Tim Niedfeldt has left a new comment on your post "A School for Gunn with My Tax Dollars: When Privat...":
Your analysis is woefully inaccurate. You clearly know nothing of the voucher program. The bible AND Catechism are taught just as in any WELS LES. I'd suggest you avoid such spurious claims unless you have actually been involved with the schools named.
The only caveat to being a voucher recipient is that a voucher student is allowed to opt out of religious instruction and events (such as singing in church) if desired. With that caveat noted you should then check all the WELS voucher schools in Milwaukee and see how many students actually take advantage of that option. Of the 4 schools I am knowledgeable about representing 800 voucher students of where approximately only 17% of the students are WELS to begin with, there are exactly 0 (ZERO) students who have opted out.
As to the nature of salvation via the blessed state. Again you are wrong. As unfortunate as it is that anyone would vote for the likes of Oblahma. Probably 99.5 percent of voucher families did. This also includes their local democratic representatives in this depressingly uneducated and liberal town of Milwaukee. These very recipients of the vouchers voted AGAINST their bread and butter.
Vouchers are a Republican program. Democrats hate the voucher program. It takes money away from public schools. It has the taste of capitalism and competitiveness that goes against their socialist ways.
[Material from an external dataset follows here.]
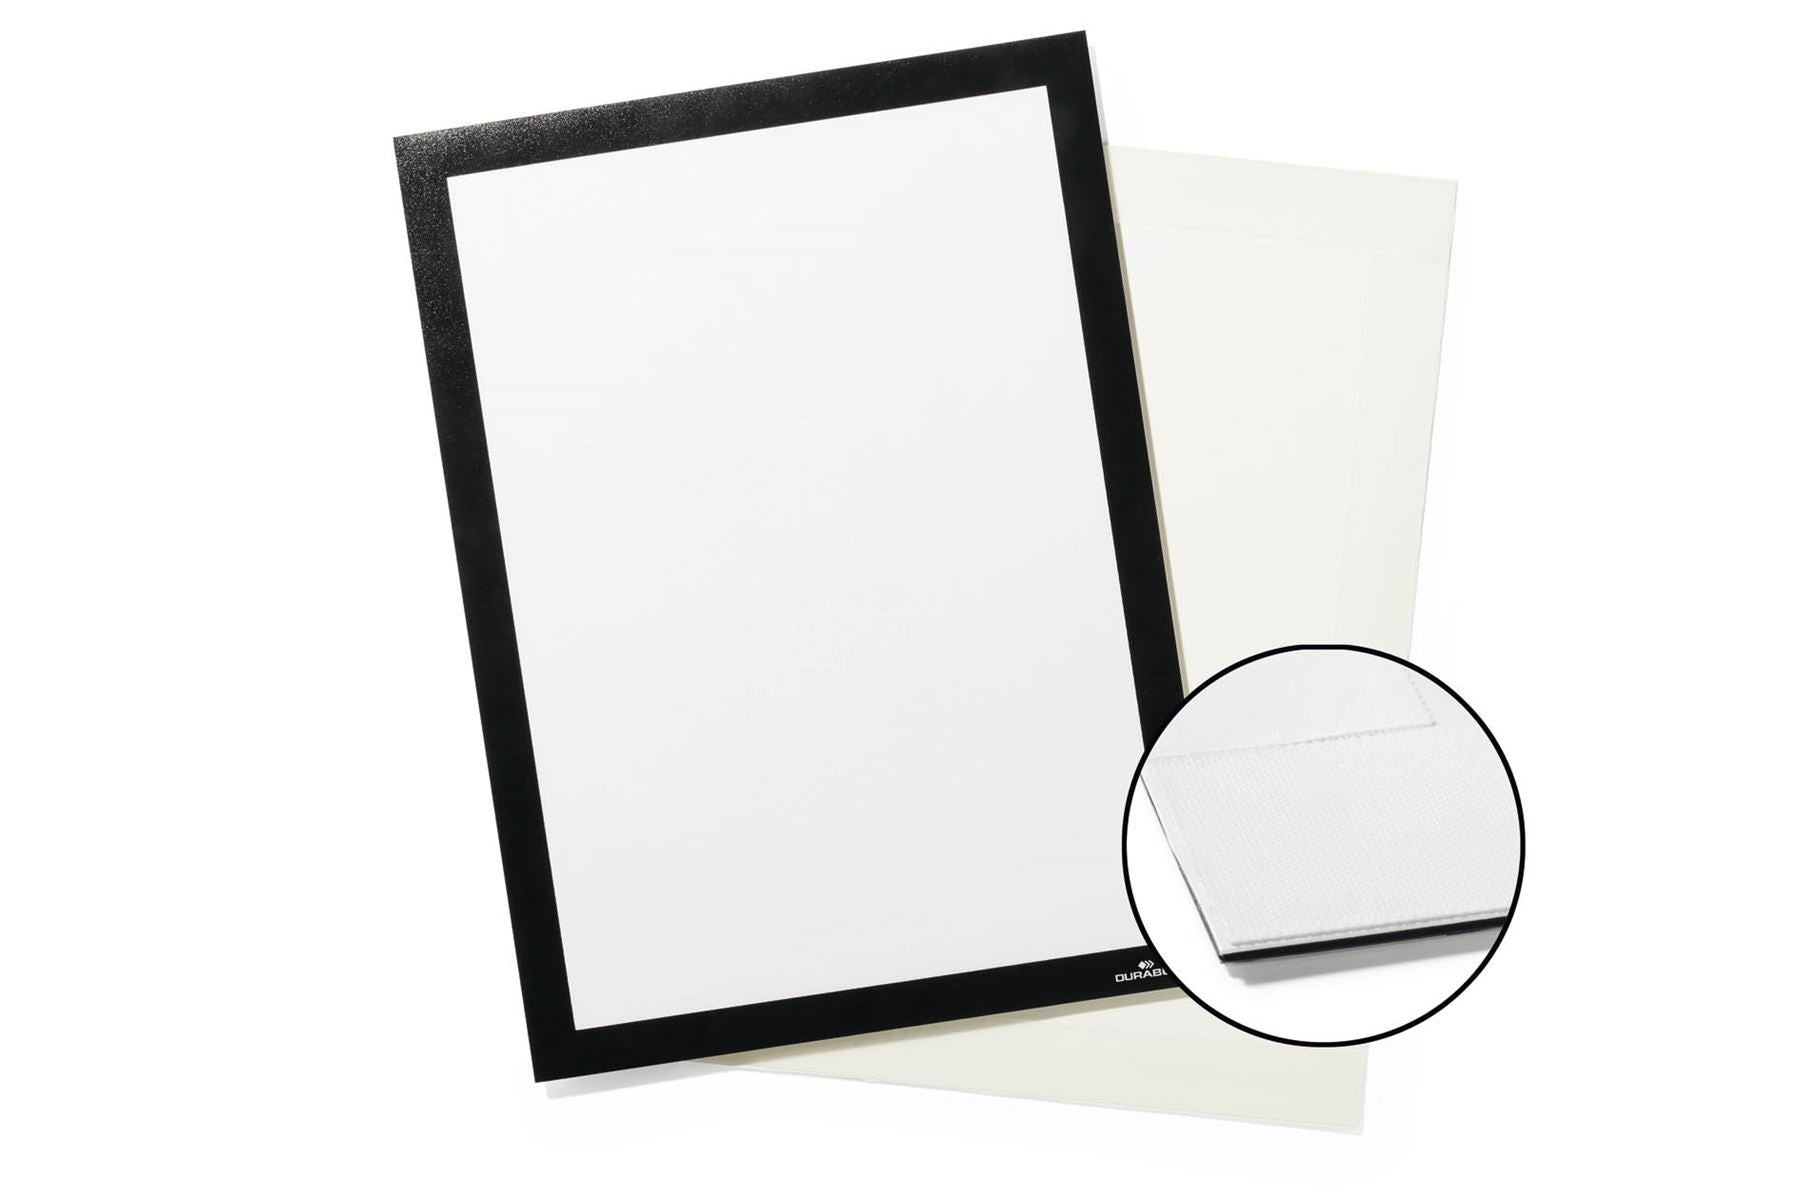 Durable DURAFRAME GRIP Fabric Adhesive Magnetic Signage Frame | A4 | Black

It undermines one of the largest contributors to the WI Democratic party...WEAC...the teachers union.
I'd suggest you check the broad brush you paint with before you say that my son is not getting as good or better religious instruction and catechism in a voucher school than they did attending the nice suburban school he used to be in. That's why, although vouchers will never come my way, I'm willing to pay to send my kids to the same schools.
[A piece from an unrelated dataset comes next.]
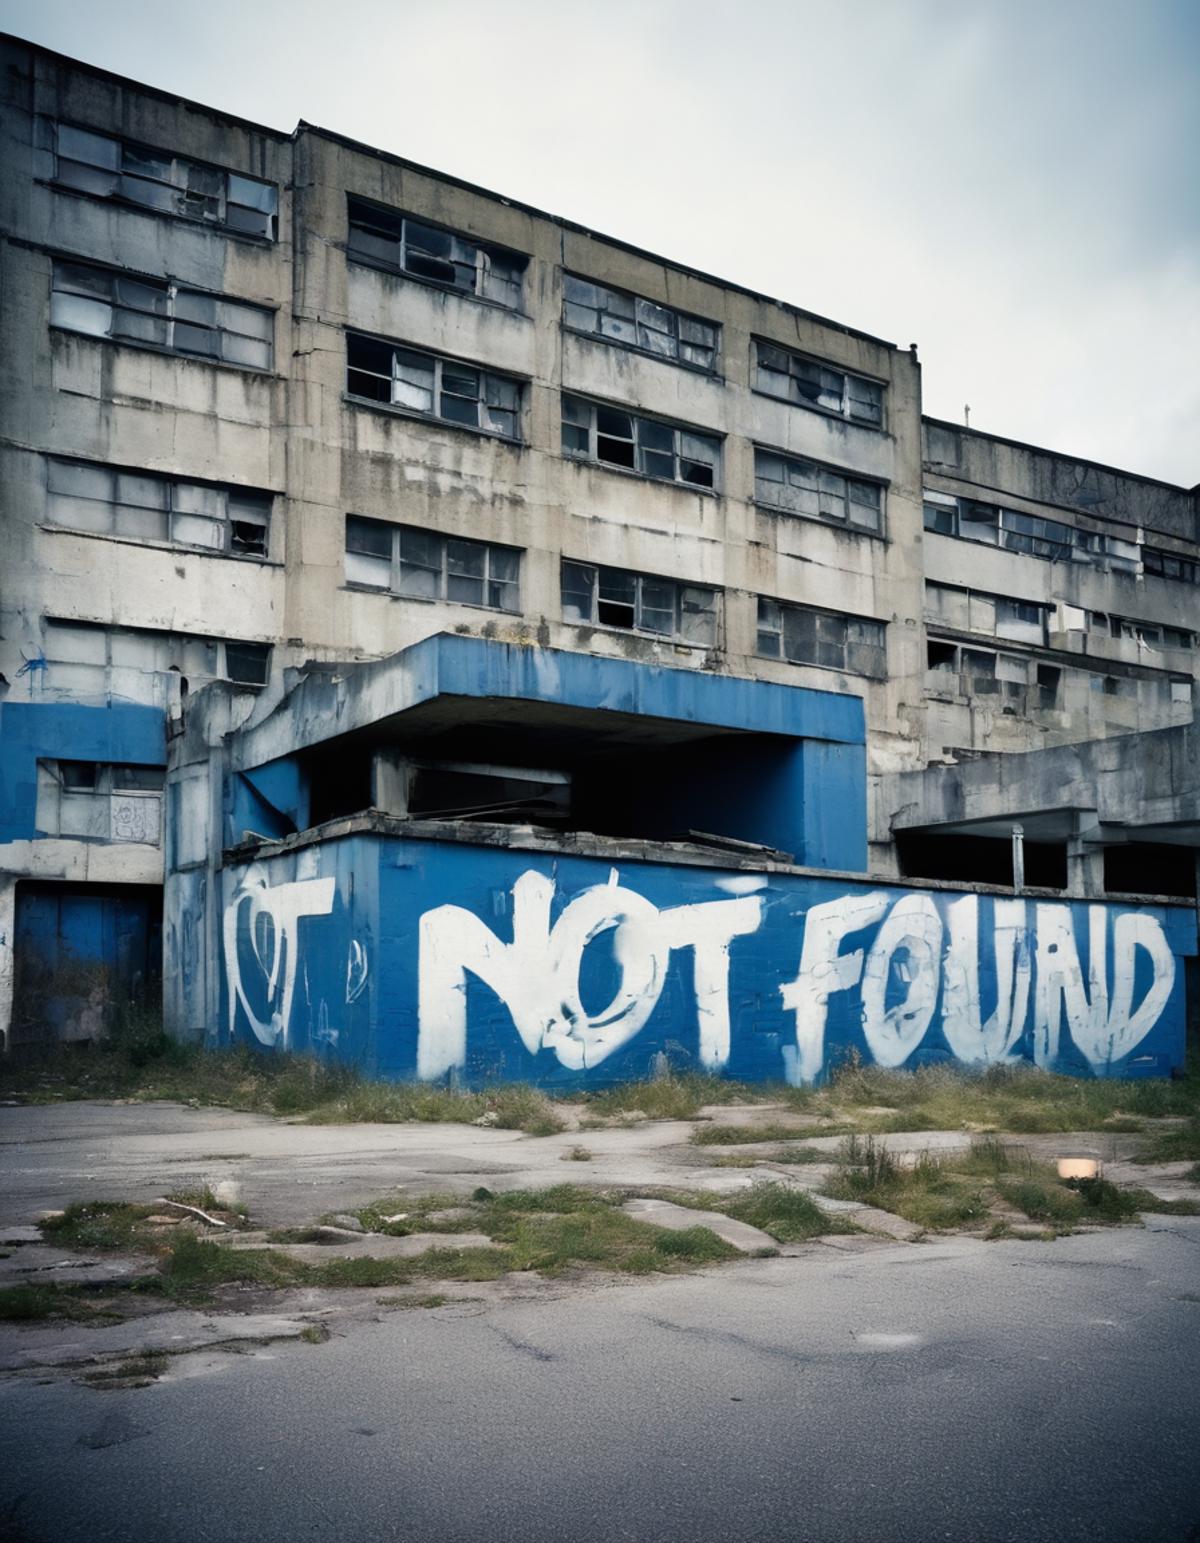 Graffiti on the side of a building that says "not found".

Personally, I believe those WELS schools lacking funding just lack the spirit and proverbial Kahonas it takes to dedicate themselves to the mission of Christian education. The money is there ...foundation support or not. You just need to want it (the christian education). The problem is that those in the particular struggling WELS schools, which is an indicator of a struggling church, simply don't recognize the value of a Christian education. If that is not first and foremost then who wants to support it well. You may as well send them to the public school where at least they can do pottery and home ec in 7th grade and the computer lab is spiffy. If they don't have the commitment to the cause then they should close down and invest the savings in a good afterschool/extracurricular christian education program to address the religious education of their kids. These are not times for those who are only half-hearted for a mission.
So stop feeling sorry for those poor poor churches and schools who aren't getting their funding. It would sound that we wouldn't want anymore foundation bastard children out there anyways so why complain as to where it goes. You could say these schools are saving the rest of the synod from being dependent on the money ;-)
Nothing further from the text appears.